То, как мы думаем, наш интеллект, наши чувства, наша личность – мы ожидаем, что все это никогда не изменится. Мы принимаем все это как должное. Мы боимся попасть в аварию, после которой нас парализует и мы не сможем двигаться или потеряем зрение или слух. Но человек никогда не думает, что в результате аварии может потерять самого себя.
Много лет после травмы я пыталась прикинуться прежней собой… хотя на самом деле не знала, кто такая я прежняя. Я чувствовала себя самозванкой, вселившейся в чужое тело, которое было моим собственным. Мне пришлось заново научиться учиться. Я все время пыталась вернуться к занятиям в университете – я не могла смириться со словами людей, которые утверждали, что мне это уже не по силам.

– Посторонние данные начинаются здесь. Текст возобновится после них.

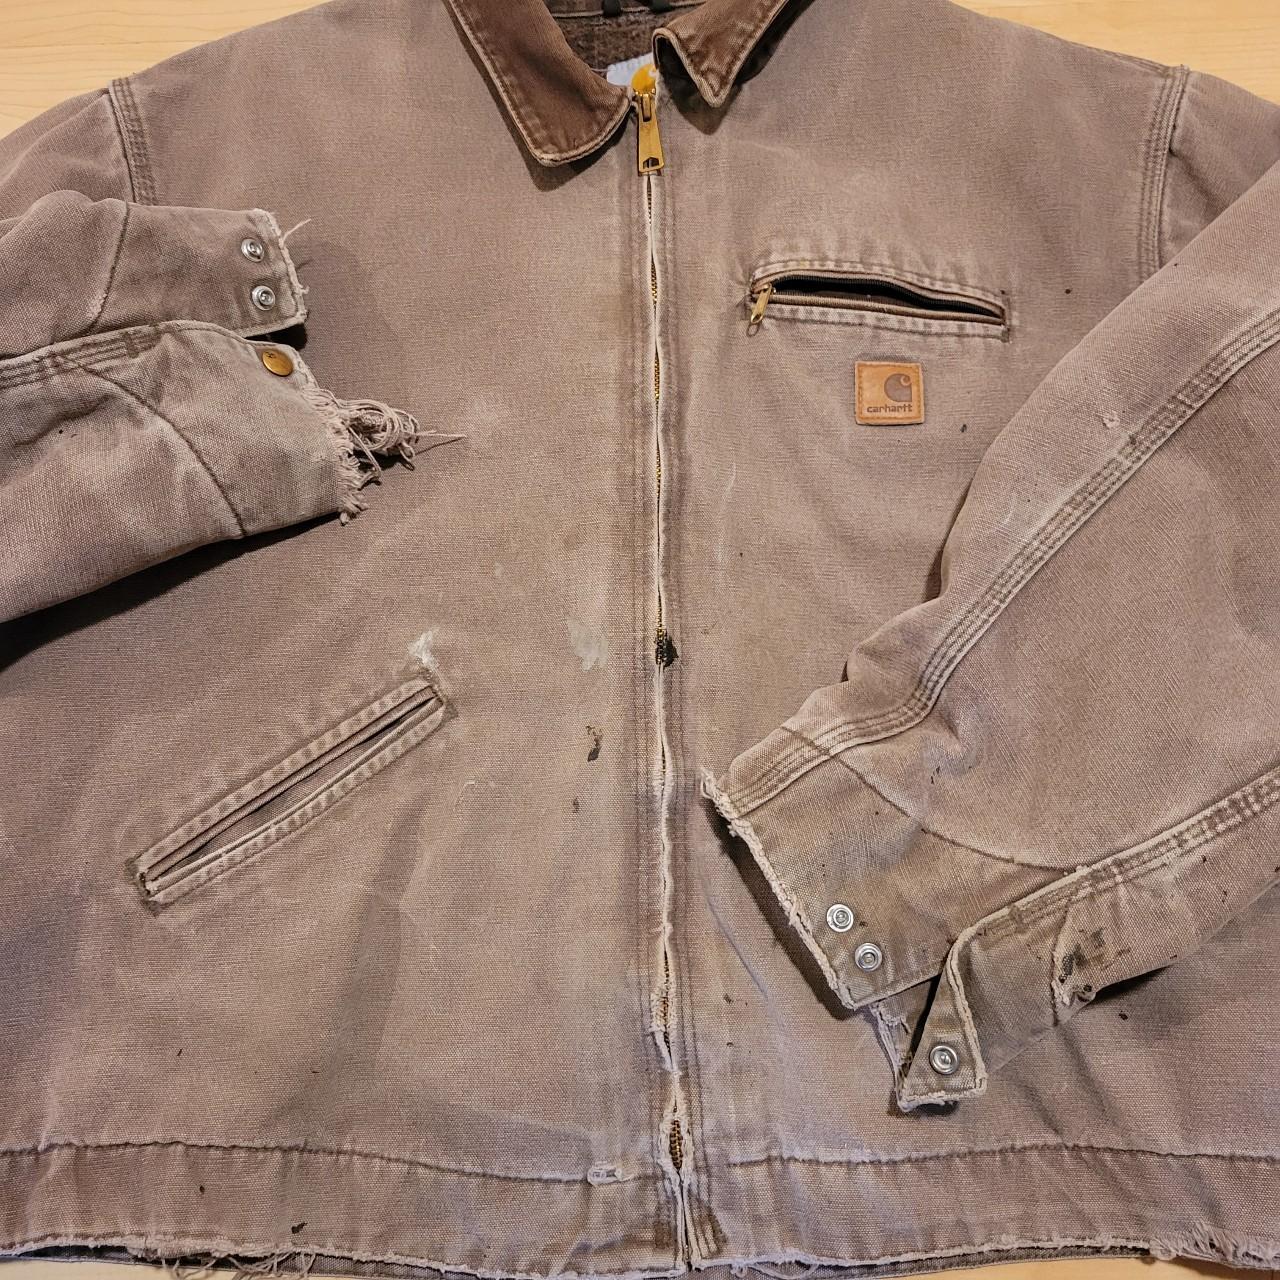 Product Image 2 - Carhartt detroit jacket full zip

Я училась гораздо медленнее других – учеба давалась мне тяжелей. В конце концов, к моему невыразимому облегчению, я очень медленно стала снова обретать ясность ума. Я закончила университет на четыре года позже сокурсников, с которыми начинала учиться. Я так упорствовала, в частности, потому, что поняла, чем хочу заниматься – психологией. По окончании университета мне удалось начать работу в этой сфере, для чего требовался отлично функционирующий мозг. Как писал Анатоль Франс: «В каждой перемене… есть своя грусть, ибо то, с чем мы расстаемся, – часть нас самих; нужно умереть для одной жизни, чтобы войти в другую» [3] Франс А. Преступление Сильвестра Бонара. Цит. по переводу Е.Ф. Корша. – Примеч. перев.
. И совсем не удивительно, что на этом пути вопросы присутствия, силы, уверенности в себе и сомнений стали для меня очень важны.